Spuds Lament New Fate


Spuds everywhere lamented last week after an announcement that scientists were seeking to develop a battery powered solely by potato power. It turns out, wild taters must now not only be on the lookout for a certain clown with red hair seeking succulent spuds to fill his greasy fryers, they also have to avoid men wearing lab coats and pocket protectors.

The nutty professor versus Mr. Potato Head … who will come out on top?

Shortly after the announcement, a rotund spud was observed making a break for the border, the Mrs. in tow. The future is uncertain for russets everywhere.


Scientists Try to Fool Rambunctious Russets


The process that could make potatoes a new fuel source resides in the salt-bridge capacity latent in all treated tubers. It is also said that boiling them increases their power tenfold. Who knew?
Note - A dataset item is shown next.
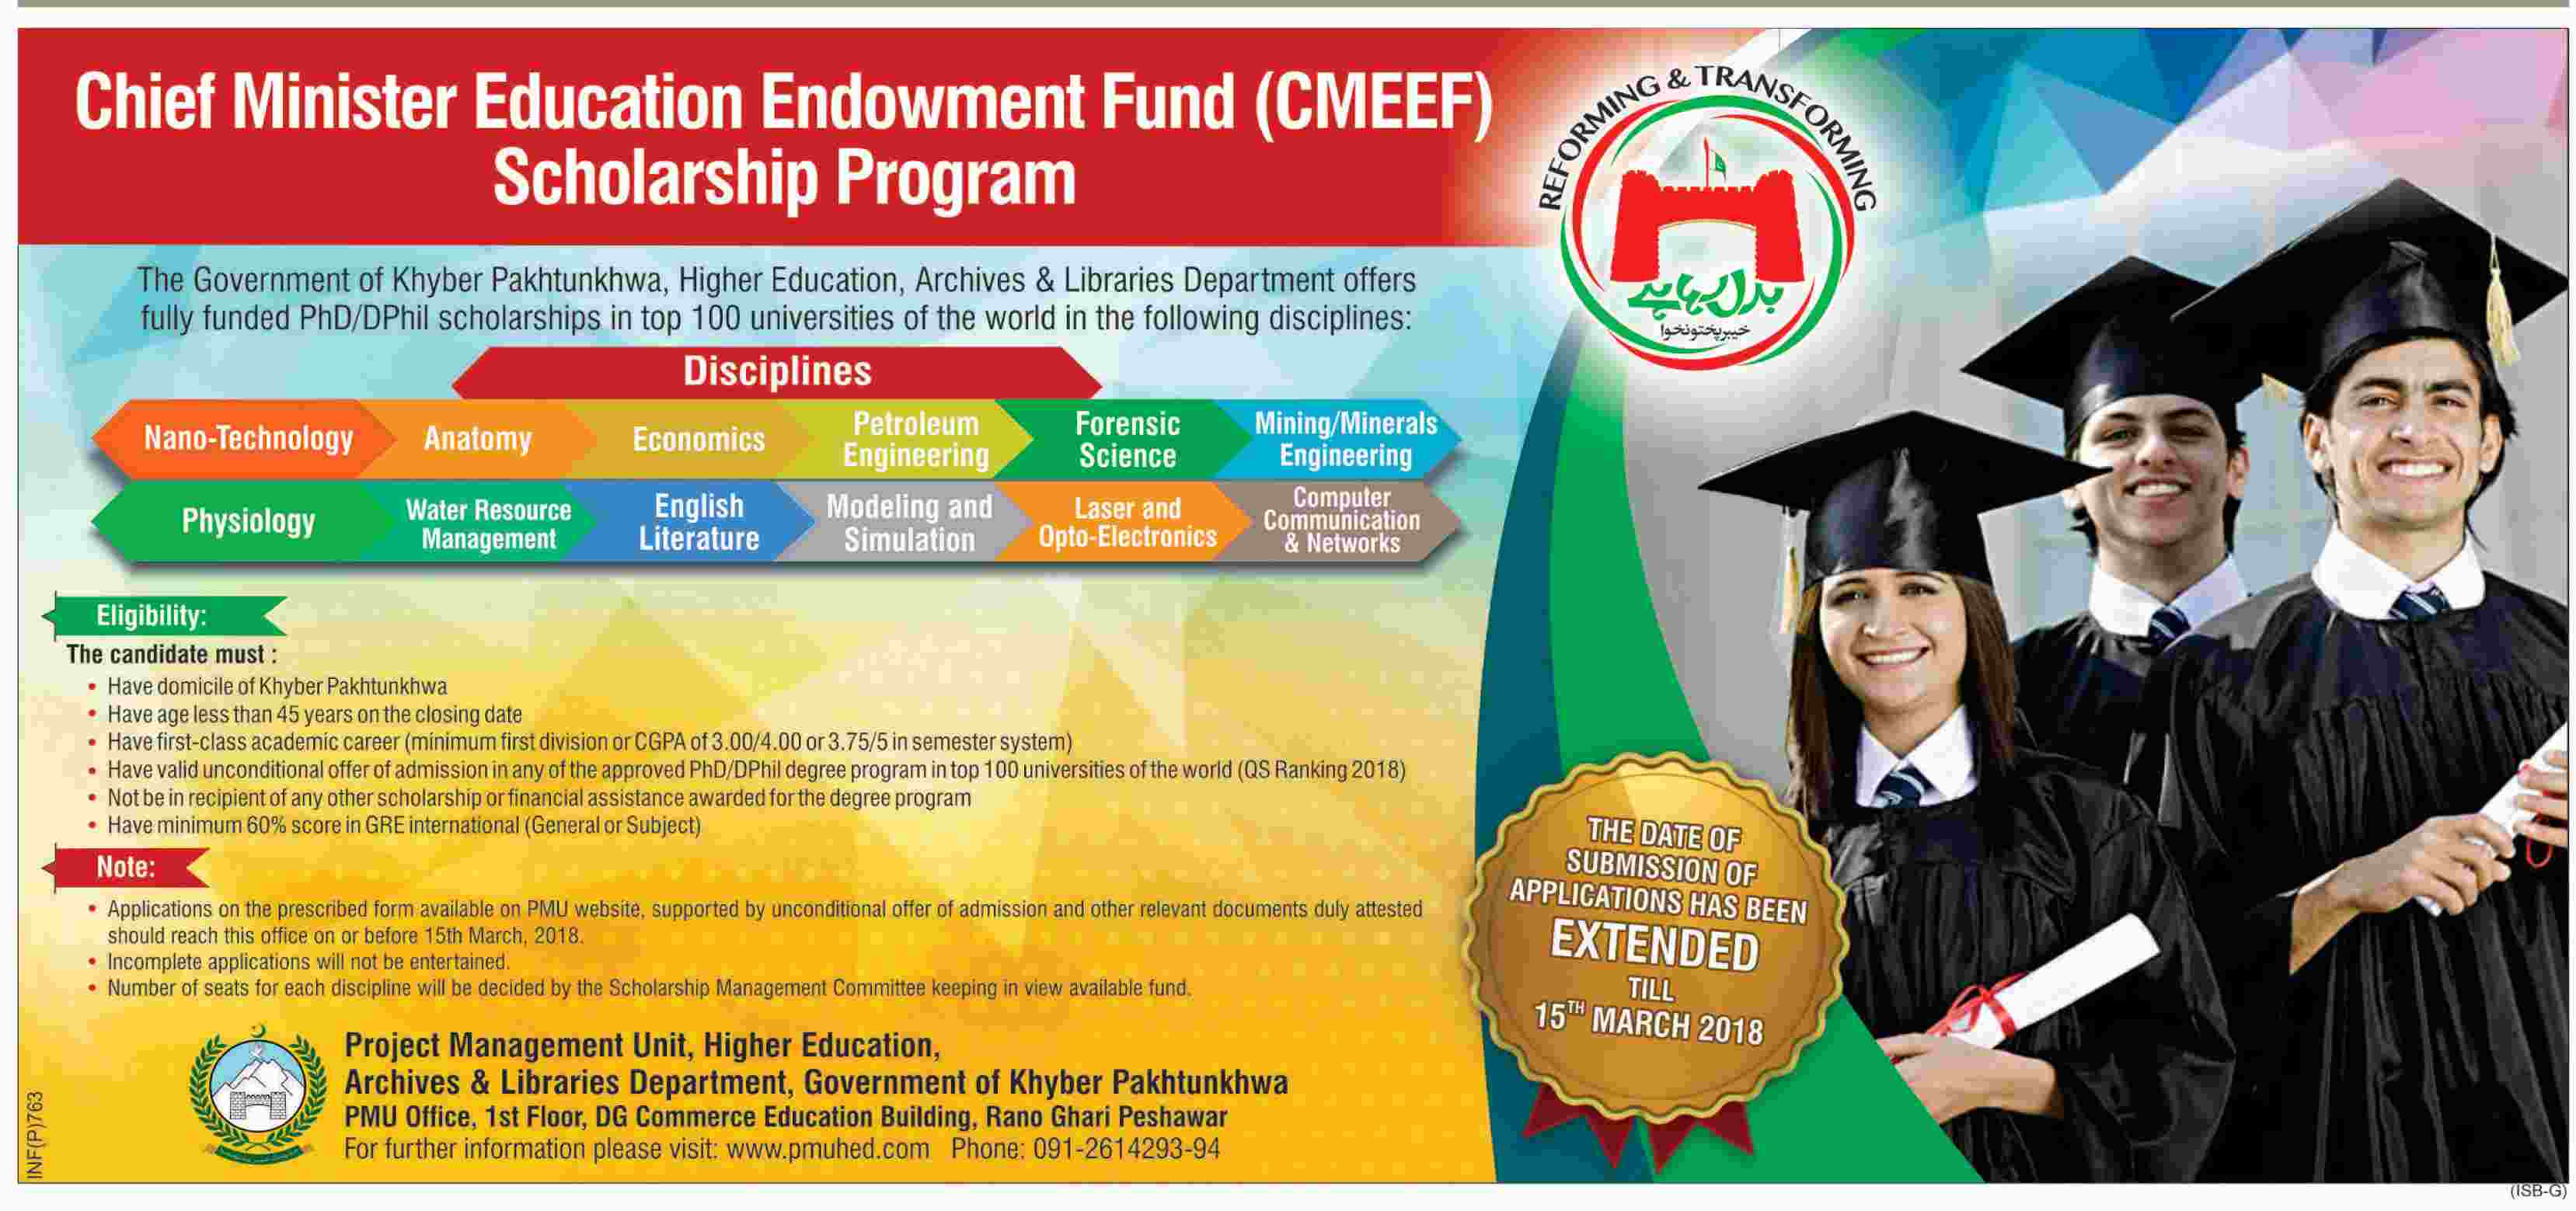 Chief Minister Education Endowment Fund (CMEEF) Scholarship Program - PhD/DPhil 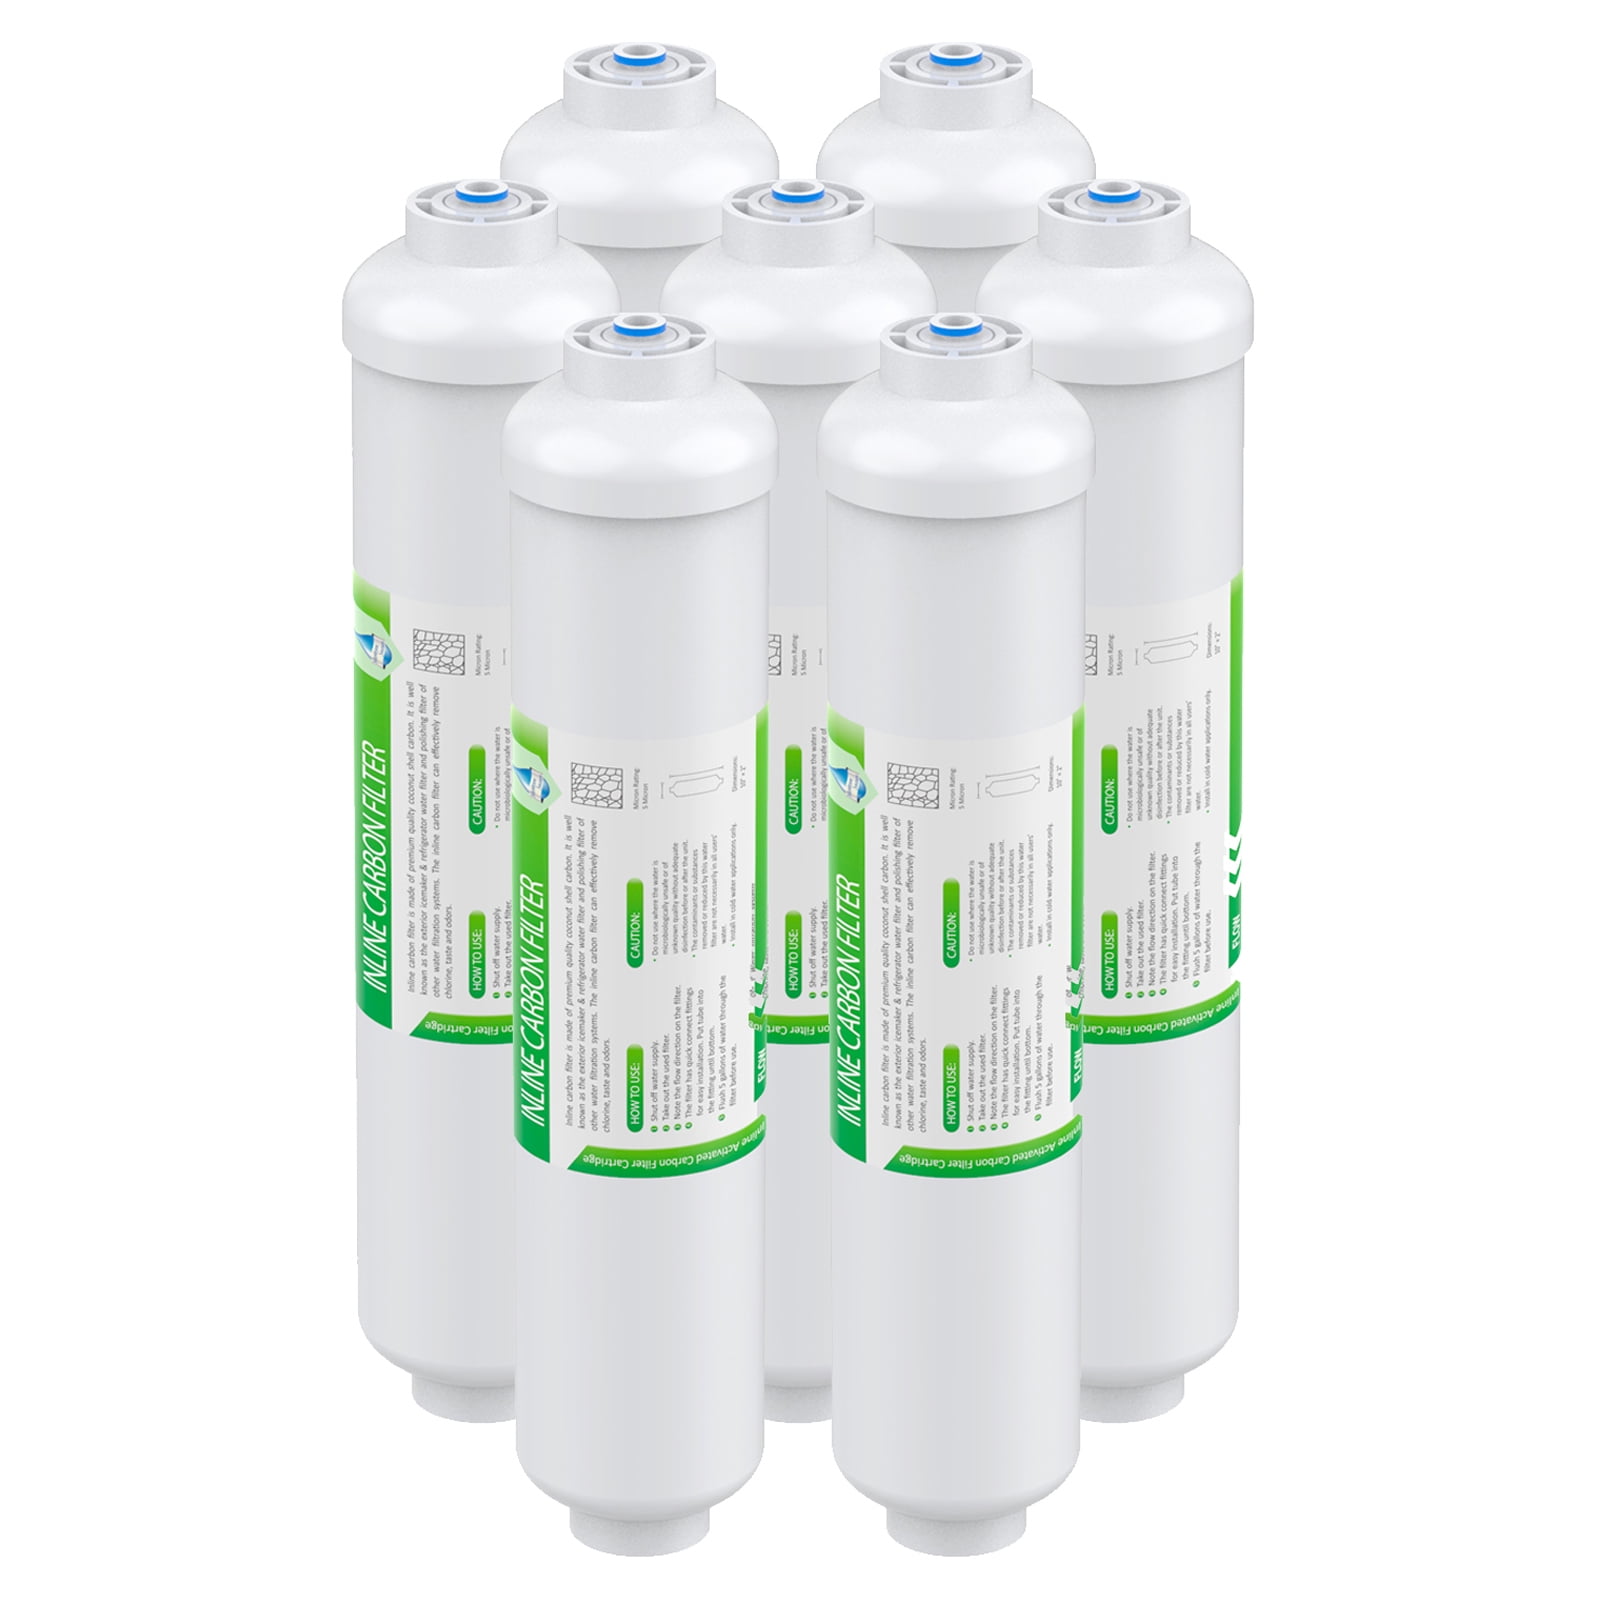 Water Filter Supplier, Water Filter Manufacturer

Scientists have devised a plan to fool unwary spuds by disguising pots of hot water as day spas to help facilitate the process. Then, it’s just a matter of popping the zinc and copper electrodes into their baked bodies to finish out the process, and Voilà!, instant potato power.


Fight the Potato Power!


Protesters were arrested at a pro-potato rally earlier in the week. The chant, “Fight the potato power!” was heard, as long-haired spuds in tie-dyed t-shirts and Birkenstocks were dragged off to a special potato-holding facility — their fate unknown.

Vast quantities of water were also spotted being pumped into the facility, and sources close to the spud frenzy feel the potatoes’ days are numbered.